The lab work was assigned to Ferdinand Flury, charged with testing the toxicological effects and mechanisms of all kinds of toxic gases on mice, rats, monkeys, and even horses. But only one really stood out from the others: chlorine gas. At the time, the industrial use of chlorine, abundant in nature, combined with other elements—such as, for example, sodium in salt form (sodium chloride)—was in its infancy. Since the well-received presentation in 1785 by the chemist Claude-Louis Berthollet, who had described the whitening property of Javel water (bleach)—a solution of chlorine and potassium invented in a factory in the Javel neighborhood of Paris—the element had dazzling success as a whitening agent (in the textile and then the paper industry) and later as a disinfectant. But its use had remained limited, because as an uncompounded element chlorine is a yellow-green gas—its name derives from chloros, meaning pale green in Greek—and is extremely toxic, with a very unpleasant suffocating odor that violently attacks the respiratory tract. Added to the fact that it is heavier than air and has a tendency to concentrate close to the ground—which is very useful in trench warfare—it was precisely the toxic properties of chlorine gas (also known as dichlorine) that interested Fritz Haber.

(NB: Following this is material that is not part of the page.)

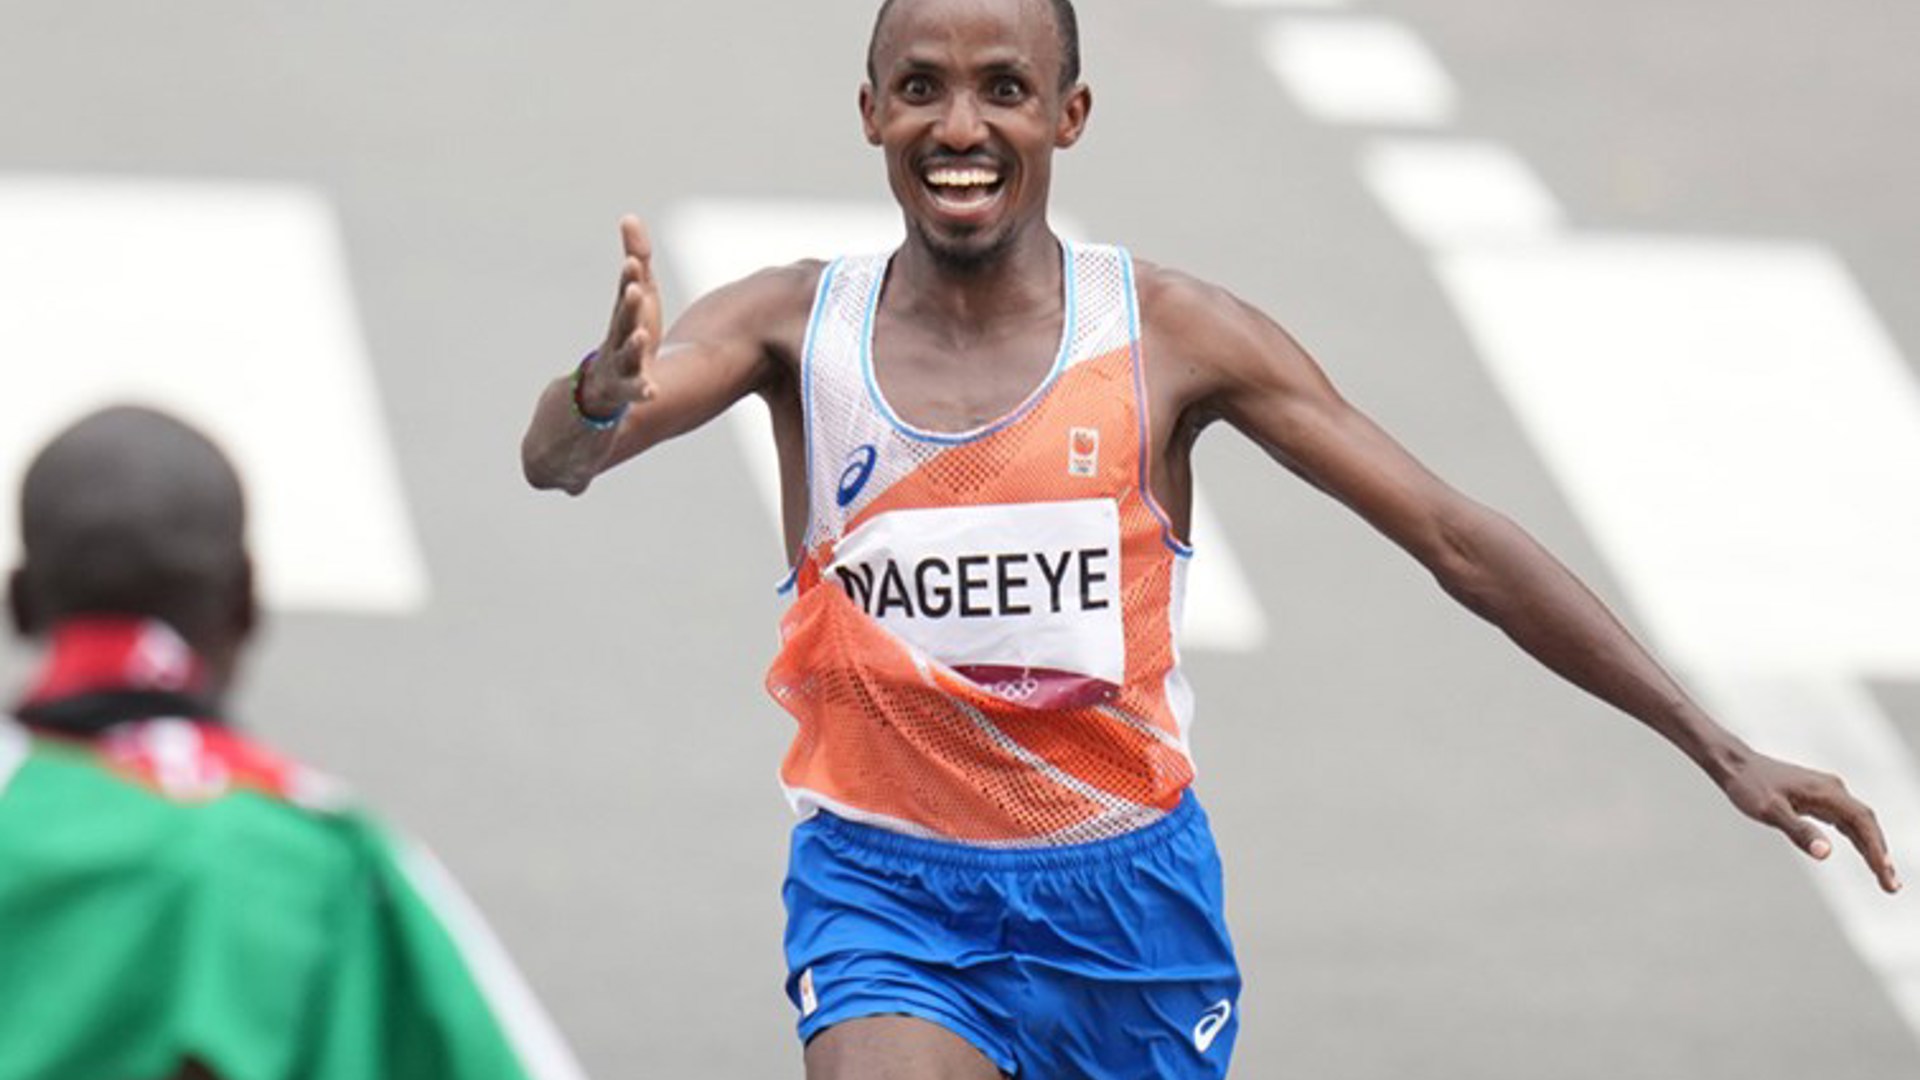 Abdi Nageeye OS 2020 BSR AGENCY 900X590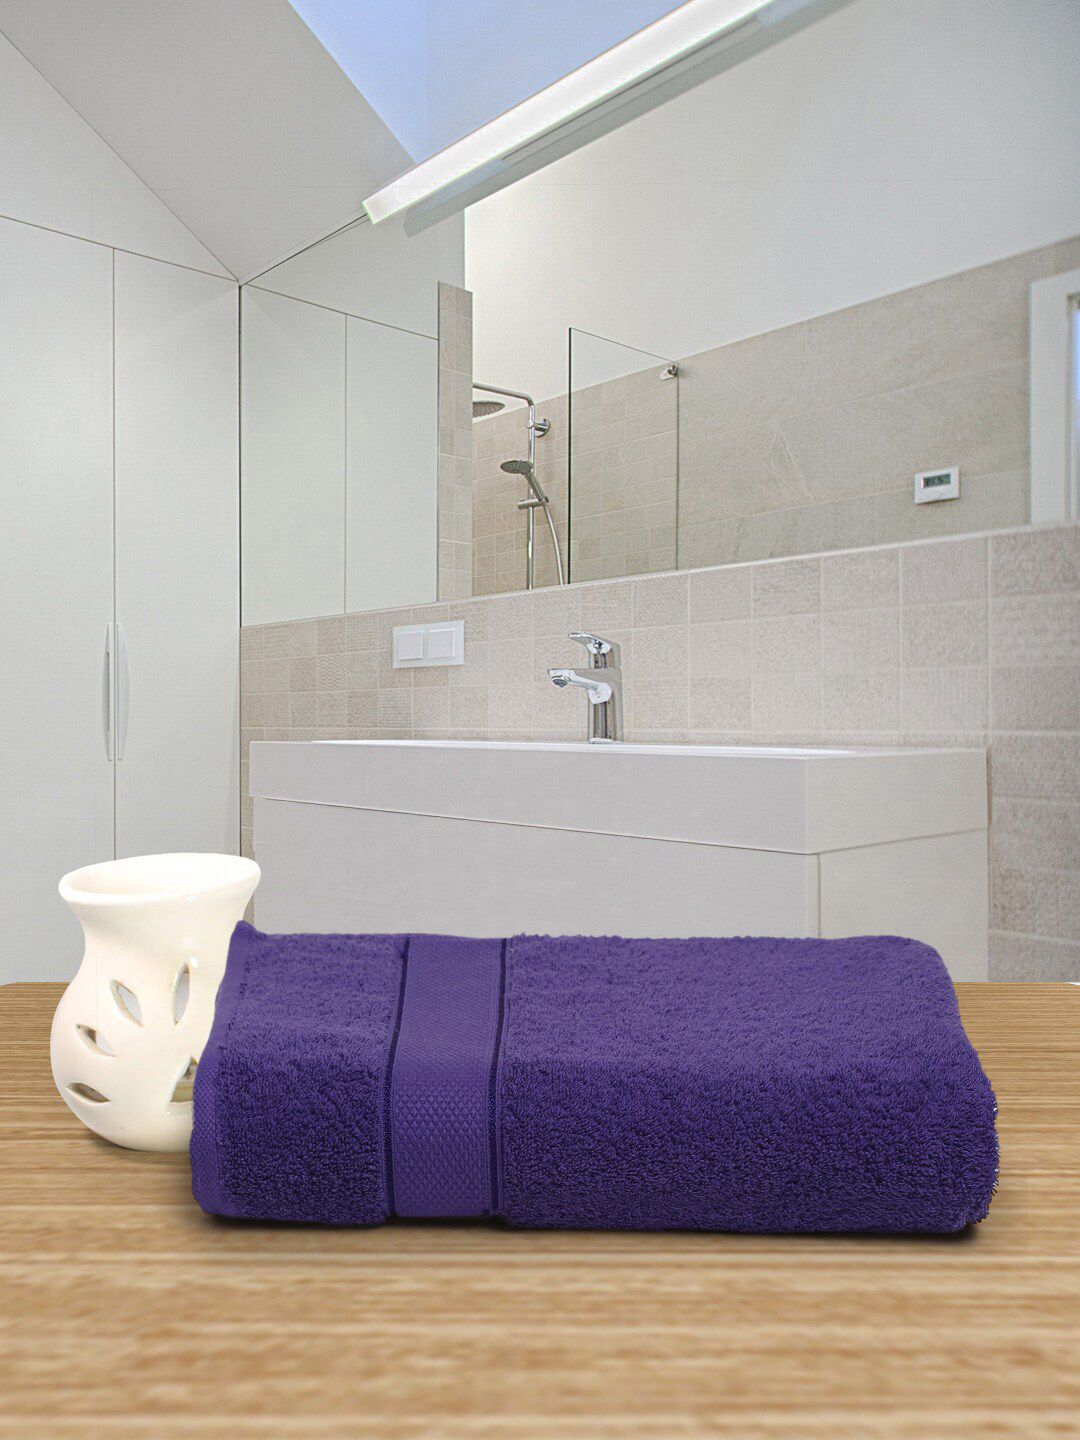 Creeva Violet Solid 525 GSM Cotton Bath Towel Price in India

On April 22, 1915, the German army released 146 tons of gas at Ypres, at the scientist’s direction; he had no hesitation in going to the front to supervise chemical attacks. He was the one who organized the secret installation of five thousand barrels of chlorine over a distance of six kilometers and ordered that the valves be opened at five in the morning. Driven by the breeze, the gas drifted over the Allied trenches. Taken by surprise, the French (mainly Algerian), British, and Canadian troops fell like flies, while trying to protect themselves with urine-soaked handkerchiefs. “I shall never forget the horrible agony of surprise in the eyes of the men who got that first dose,” a Canadian survivor recalled. “It was the look of a dog being suddenly beaten for a thing it hadn’t done. . . . They began gulping and coughing, and then fell down with their faces in their hands. . . . I had rolled and writhed, with the agony of the gas in my lungs, in a pool of slush in the bottom of the trench.”14

Fritz Haber, who had the rank of captain, paid a heavy price for this first victory: a few days after the Ypres trenches were gassed, his wife Clara Immerwahr, also a chemist, committed suicide by shooting herself in the heart with her husband’s service revolver. It was reported that she strenuously opposed his work on poison gas.

But Haber did not give up his work. Learning that the Allies had equipped their troops with gas masks, which made chlorine ineffective, he perfected phosgene, a mixture of two extremely toxic gases, dichlorine and carbon monoxide. Less irritating to the eyes, nose, and throat than chlorine gas alone, it was nonetheless the deadliest of the chemical weapons concocted in the laboratories of Berlin, because it violently attacked the lungs, filling them with hydrochloric acid. The few infantrymen who survived attacks died of the aftereffects in the years following the great slaughter. It is noteworthy that phosgene is still used today as a chemical ingredient in the pesticide industry. It is one of the ingredients in Sevin (carbaryl), the insecticide that produced the December 1984 disaster in Bhopal (see Chapter 3).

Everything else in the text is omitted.